I lent the 448s to a neighbor, who broke them. And by this time I had decided that I wanted IEMs for portability. So, back to Head-Fi, and LFF's reviews convinced me to spend $150 for Fischer DBA-02s. They were the clear kings of the $200 and below price point. I would have had to spend a lot more to get something that was not just different but clearly better. That's what LFF and others said, and after getting them, all I can say is that they were fantastic. One has to be careful comparing IEMs with headphones, but still, the DBA-02s were a clear step above the HD448s.  I loved them until I lost them about six months ago. Then, without hesitating, I bought the Mark II versions, which were a tad more expensive. Anyway, jumping from $100 to $150 to get the Fischers constituted another major leap in quality.
In the mean time, I wanted to go back to cans for office use and bought a set of DT770s, 32Ohms for roughly the same price as the Fischer MKIIs, $170.  Great headphones. It's hard to say they're better than the Fischer IEMs. They're certainly different. More engaging. Better? I guess, yes. Not majorly better. Not like the jump from my $100 HD 448s. 
Now I've been looking to spend $250-300 and then another $100-$150 on an amp.  So, instead of jumping up $50-$70 (the difference between the HD448s and the DT770s), I'll be jumping up $350-450 in price, with the price of the amp included. I expect to move up another level, although I still doubt I'll be moving up as much as I did when I went from the HD448s to the DT770s. More like the incremental step up from the DBA-02s to the DT770s.  More to the point, when I've looked at whatever comes next, it seems that I'd have to spend much greater sums to move much? I've read reviews of the HD800, for example. Better than the HD6xx series? Yes. But they cost $1,000 more. More modestly, the Beyer T1 costs about $750. That's a full $400 more than the HD880s. So the amount I'll have to spend to get not just different but clearly better will grow, which the difference with respect to improved quality diminishes.  So, roughly $300--the mean price of the DT880s and the HD600 therefore appears in my eyes to be the tipping point beyond which one enters the realm of diminishing returns.  

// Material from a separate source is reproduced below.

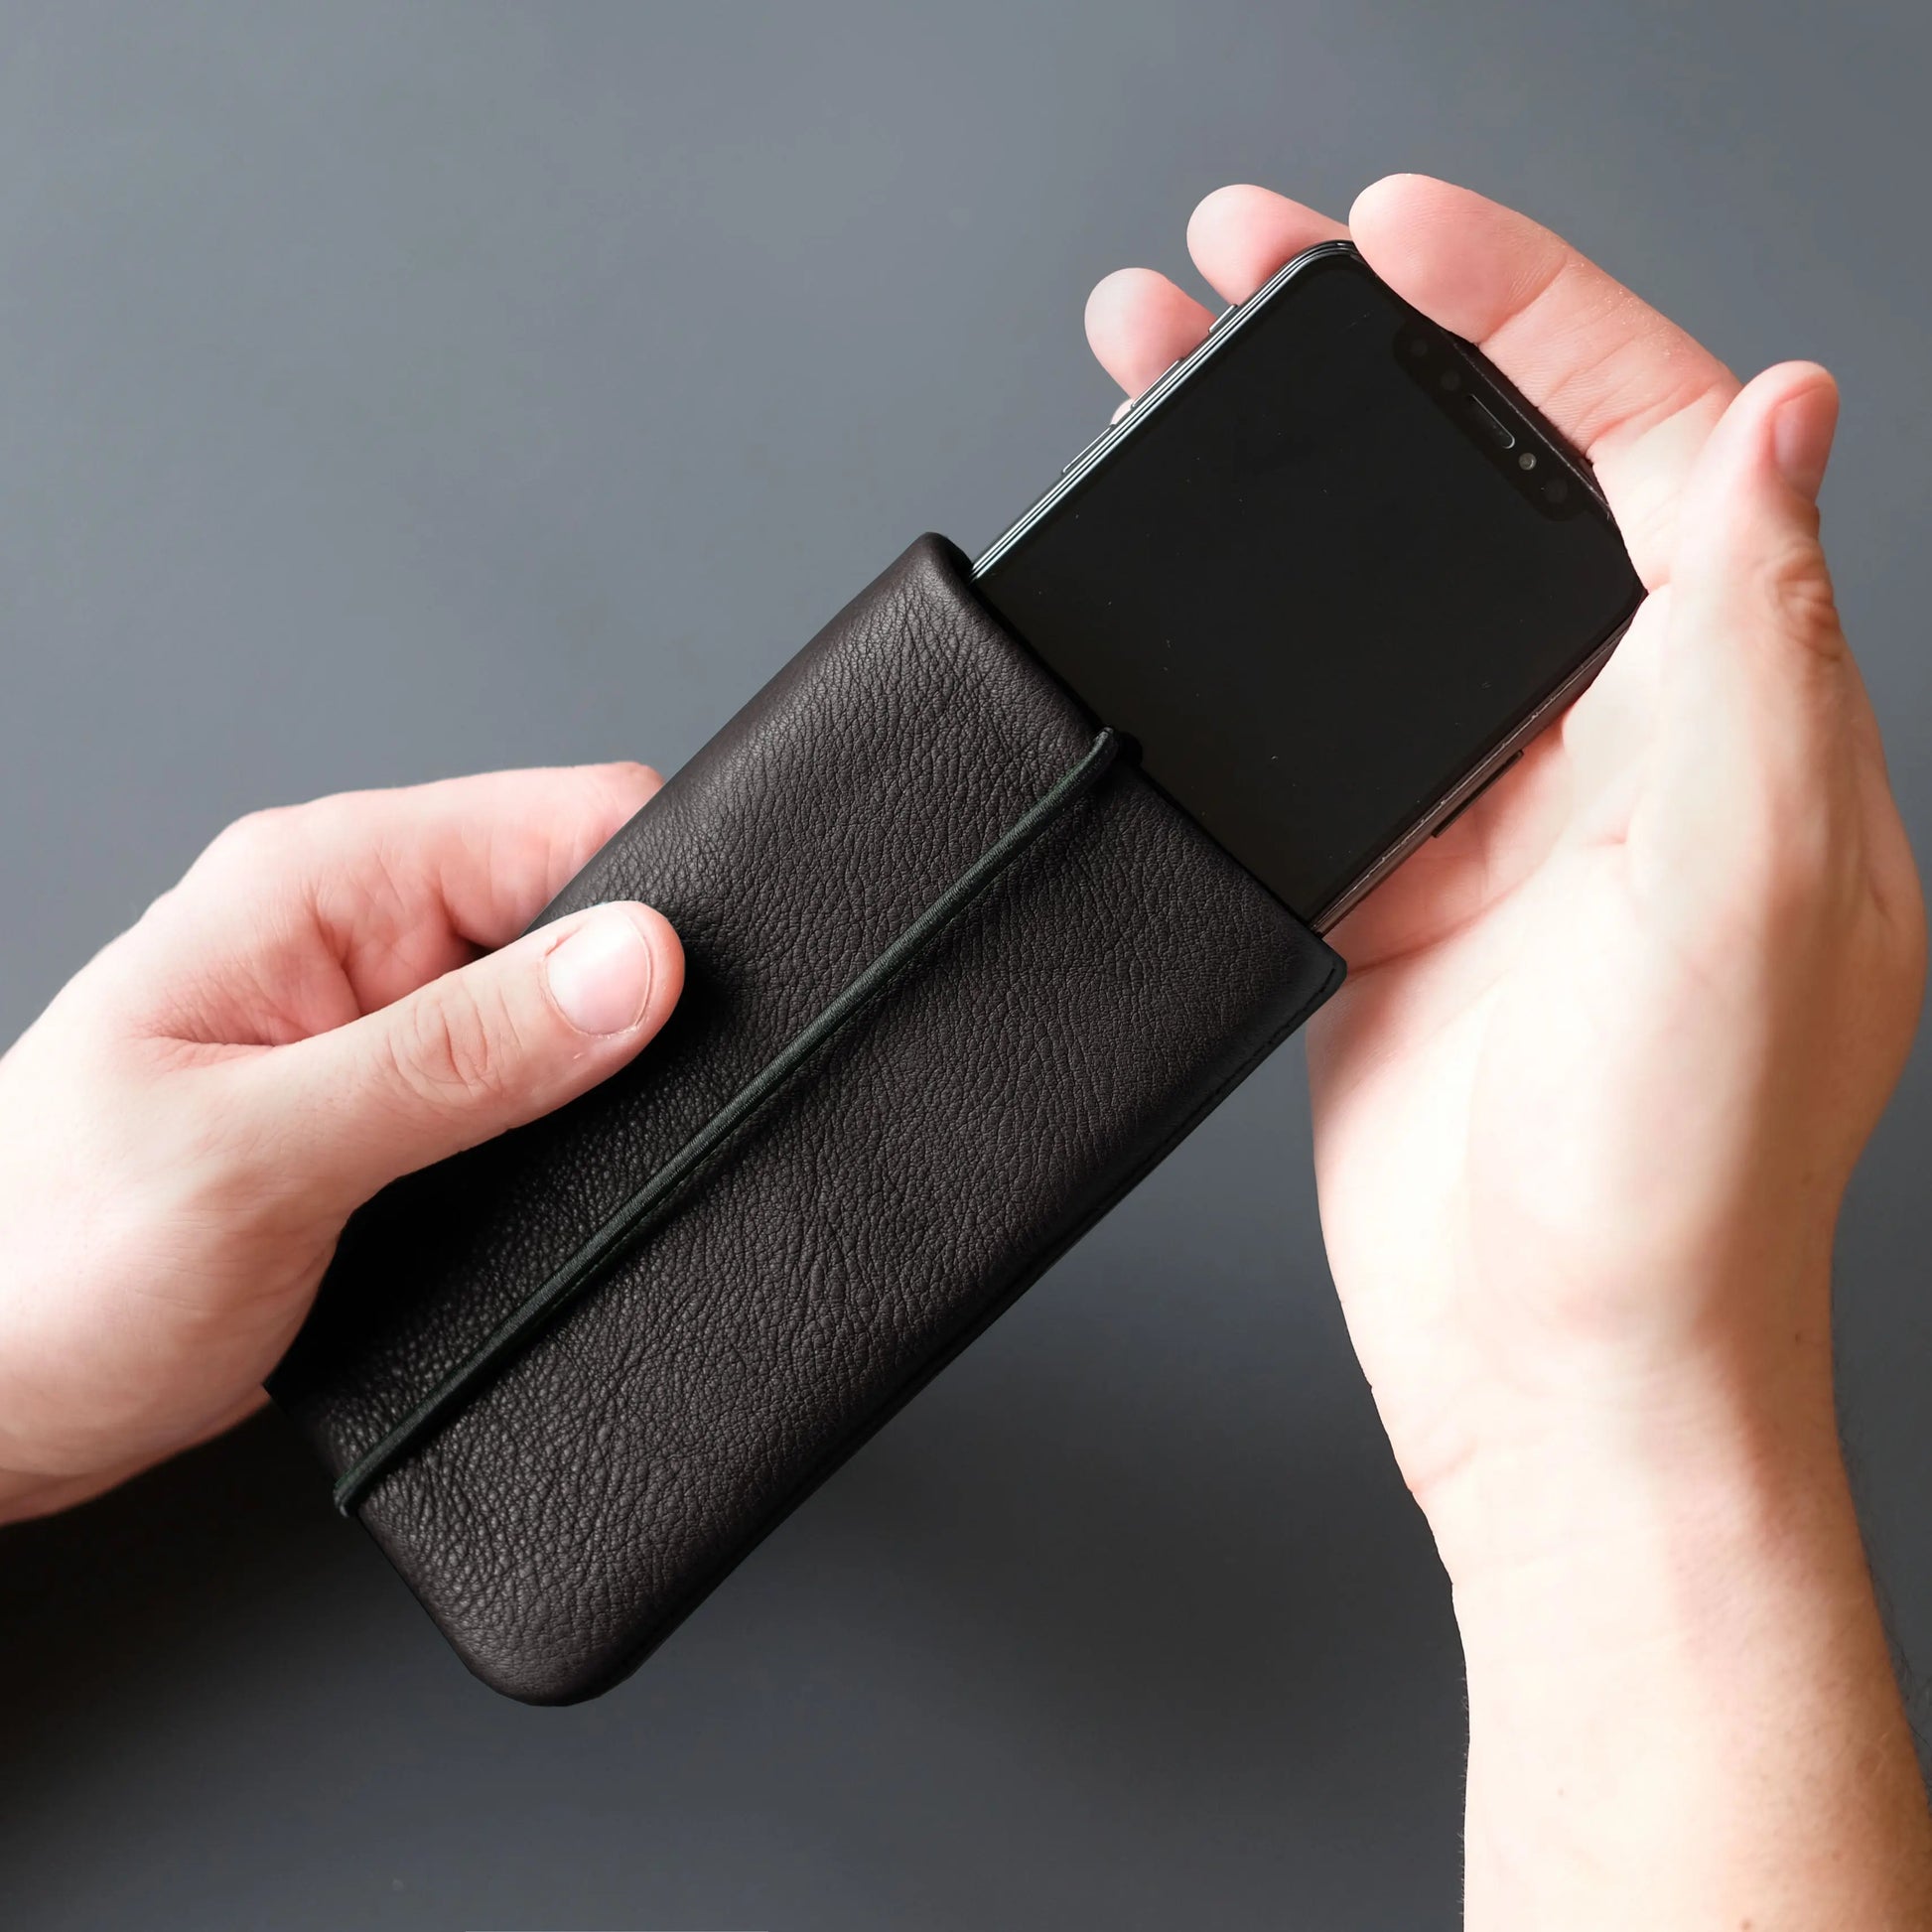 iPhone-Hülle aus schwarzem Leder in die mit zwei Händen ein Smartphone geschoben wird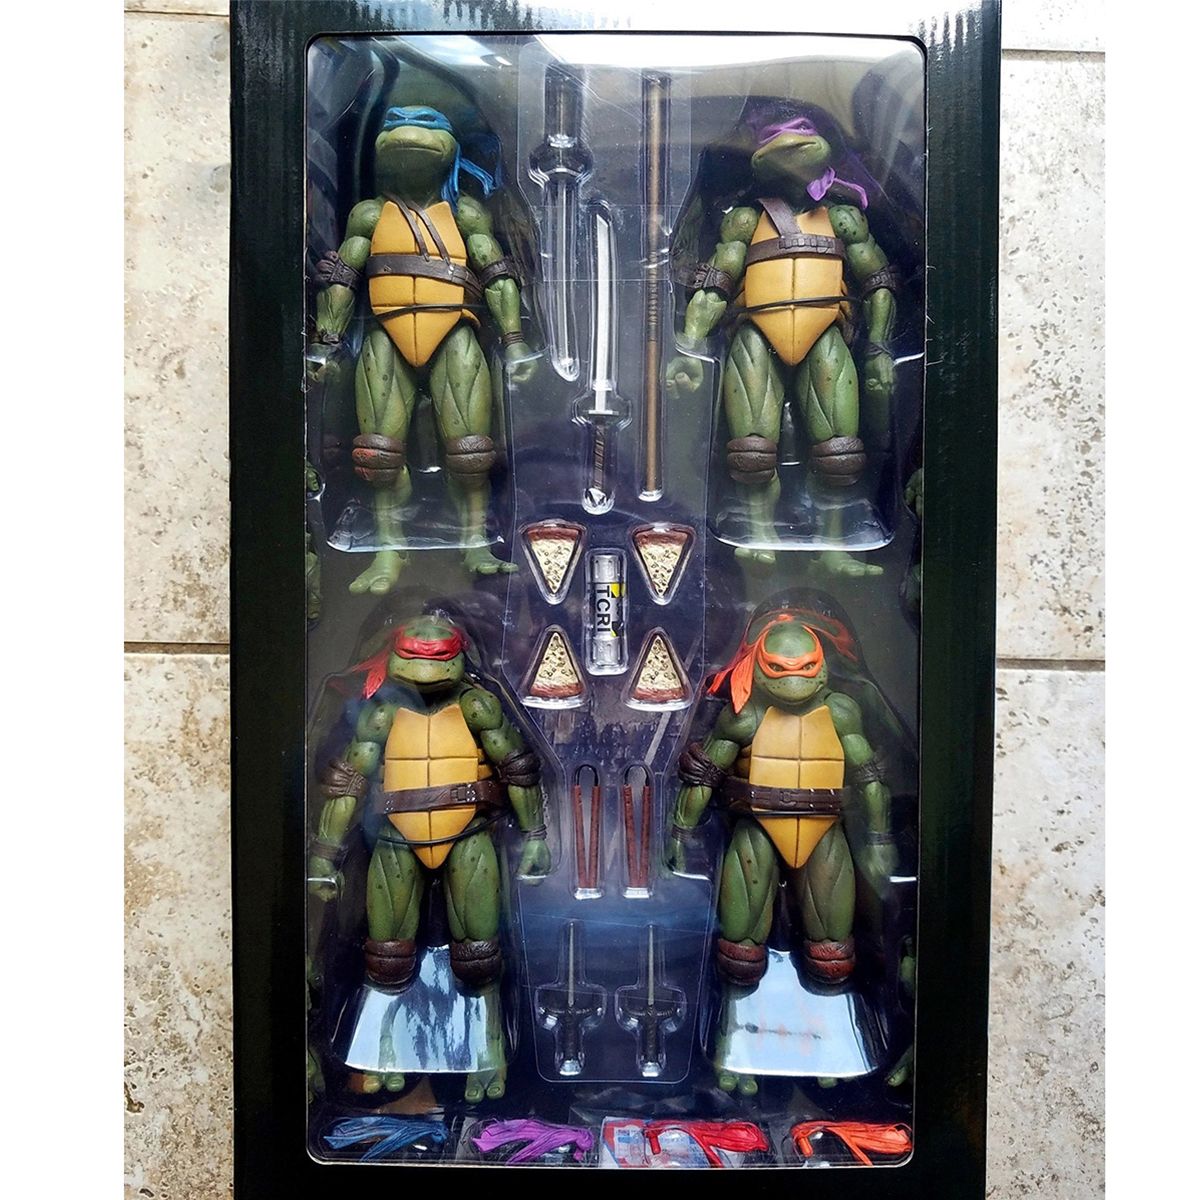 اکشن فیگور نکا مدل لاکپشت های نینجا طرح Turtle Ninja مجموعه 4 عددی -  - 19

Sep 21, 2015 at 10:03 AM Post #3 of 4
  Yes, definitely huge diminishing returns after 600/650.  I will throw in some of the cheaper/older Hifimans in there too, like 400i and 500.  I will tgive a recommendation for Oppo PM3 too.

Even the 650, when compared with the cheaper 600, appears to be pushing it with respect to quality/price. Is the 650 better? Some think so; it's certainly different. But it's also another $100, which is why plenty of reviewers end up arguing that the 600 is the better buy unless the idiosyncrasies of the 650 exactly align with one's musical/listening preferences. But either way, beyond the 650 price-wise, that's when I'd argue about diminishing returns.
Sep 21, 2015 at 10:30 AM Post #4 of 4
I say 650 is just different compared to 600.  Slightly larger soundstage, but in the grand scheme of things it doesn't really matter.  650 has a little more mid-bass while 600 has a little more upper midrange.  The two are basically identical in the big picture.  Take whichever is the cheapest.  Especially sweet if you can get one used-like new for even less.